Third, as the values of homes are dragged down by distressed neighbors, an increasing number of homeowners find themselves upside down on their mortgages. Faced with a job loss or other bad news on the personal financial front, the idea of continuing to pay up on a losing asset becomes less and less attractive, perpetuating the downward cycle. Even if people feel that paying is the right thing to do, the hard facts of our beggared society make that increasingly difficult for many.
(A recent poll by Monster.com revealed that 34% of workers have one week or less of savings. Read more here.) globaleconomicanalysis.blogspot.com
Finally, because prices are being set at the negative margin in so many areas, at some point true value reemerges. Sure, your neighbor may have taken the chicken run or is living payment-free courtesy of the bank, but at some price real estate, unlike certain derivatives, reaches the point of offering a true value. Once that equilibrium point is ultimately reached, prices should bounce off the bottom. But how high?
Back before launching The Casey Report, we presented our macroeconomic data in Casey’s International Speculator (which now largely focuses on the hottest corner of the natural resource market; details here.) In the lead article of the December 2006 edition of that publication, titled “The User’s Guide to Fiscal Calamity” – one of many that warned of the imminent crisis – Bud Conrad presented the following chart.
As you can see, the only U.S. real estate bubble to compare with the one leading into the current crisis was the whopper that materialized just ahead of the Great Depression.
I’m bringing this up to try and answer the question, “But how high?”
As you can also see, had you purchased real estate at the pre-depression top, then in constant dollar terms, the property may have never returned to its prior lofty valuation. And even if you had bought after the market was knocked down by half, you still might not have recouped your value for twenty years or more.

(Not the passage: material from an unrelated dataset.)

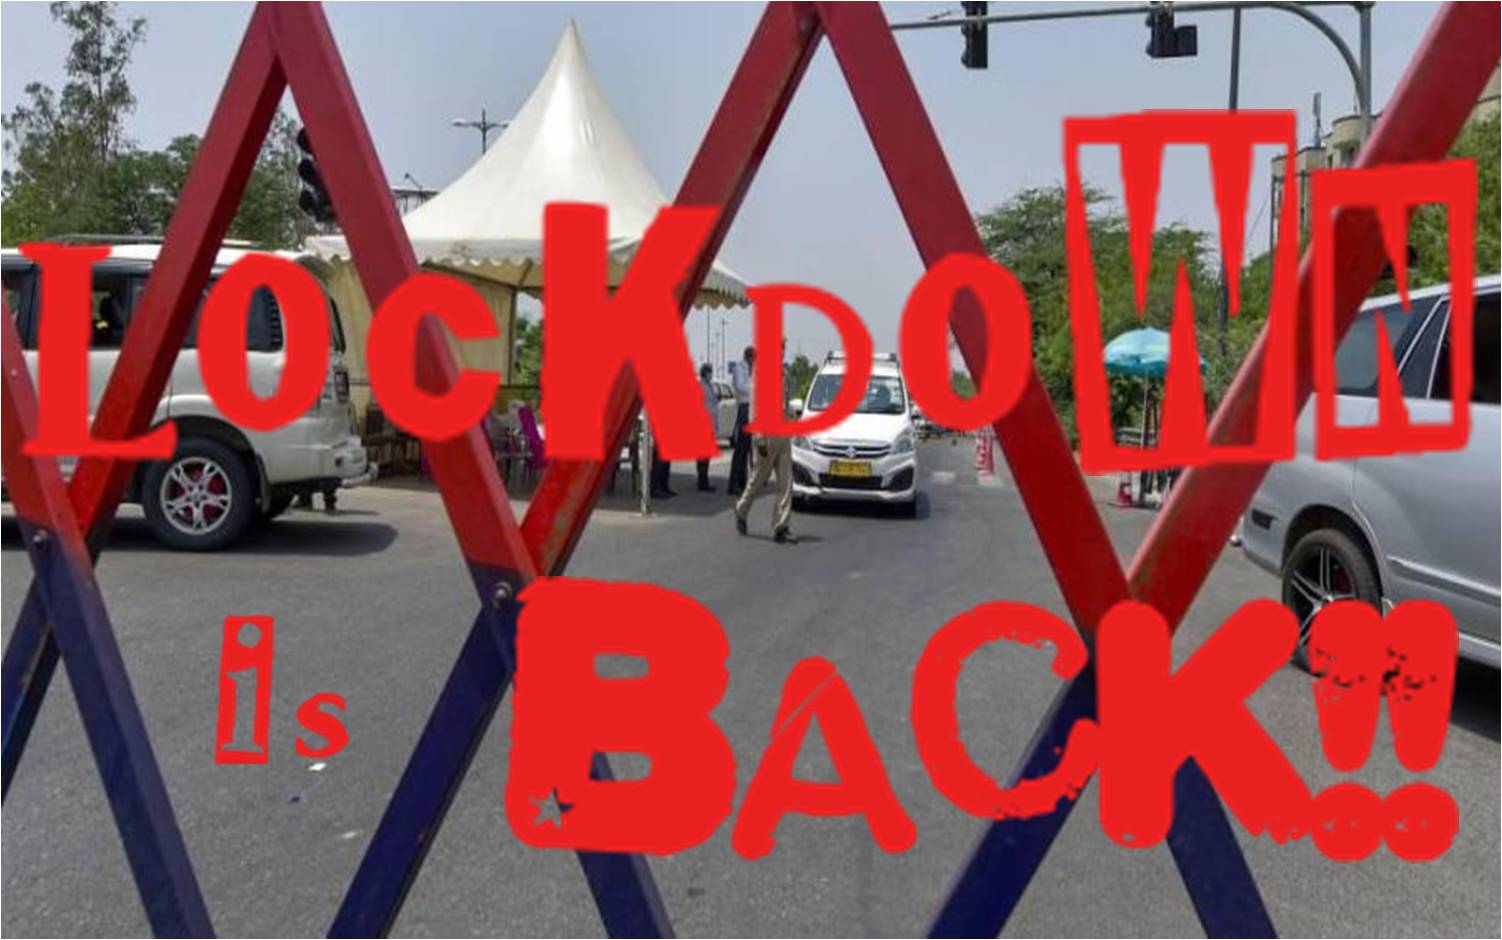 Another knee-jerk reaction | Lockdown may be implemented in Udaipur!

The chart below here, from the Census Bureau, shows the pattern of new home sales over the period of the recently departed bubble. Note that the big run-up in sales this time around came between mid-2001 and mid-2005, though sales volumes remained above historical norms well into 2007. Which is to say, a lot of people were buying into the fiction that house values were a one-way street up -- at the worst possible time. They are now all underwater on their mortgages, though many are still holding on and hoping for a decisive turnaround that will make them whole again on their McMansions. These are false hopes, and as they are ultimately dashed – as they must be if we are ever going to see real estate in a sustained recovery (albeit from a lower level) – the inventory of houses for sale will again rise, and prices will drop.
Simply, despite yesterday’s cheery news on real estate, we are a long ways from being out of the woods. But, that said, one must also add an important caveat: there is no such thing as a “national” real estate market – it’s all local. There are going to be geographical pockets where a solid bottom will soon be put in, or may even already have been. And there will be some terrific bargains for smart shoppers armed with cash to lay on the table in front of anxious sellers.
Speaking of having cash, as early as 2004 we were stressing investors should dump real estate and buy gold. I came across the following chart, from InvestmentTools.com, that shows the result had you followed that advice. The chart displays how many ounces of gold it takes to buy the average U.S. house. What it means is that if you had sold your real estate and switched into gold, your gold would now buy one hell of a house, vs. the result if you had hung on to your house.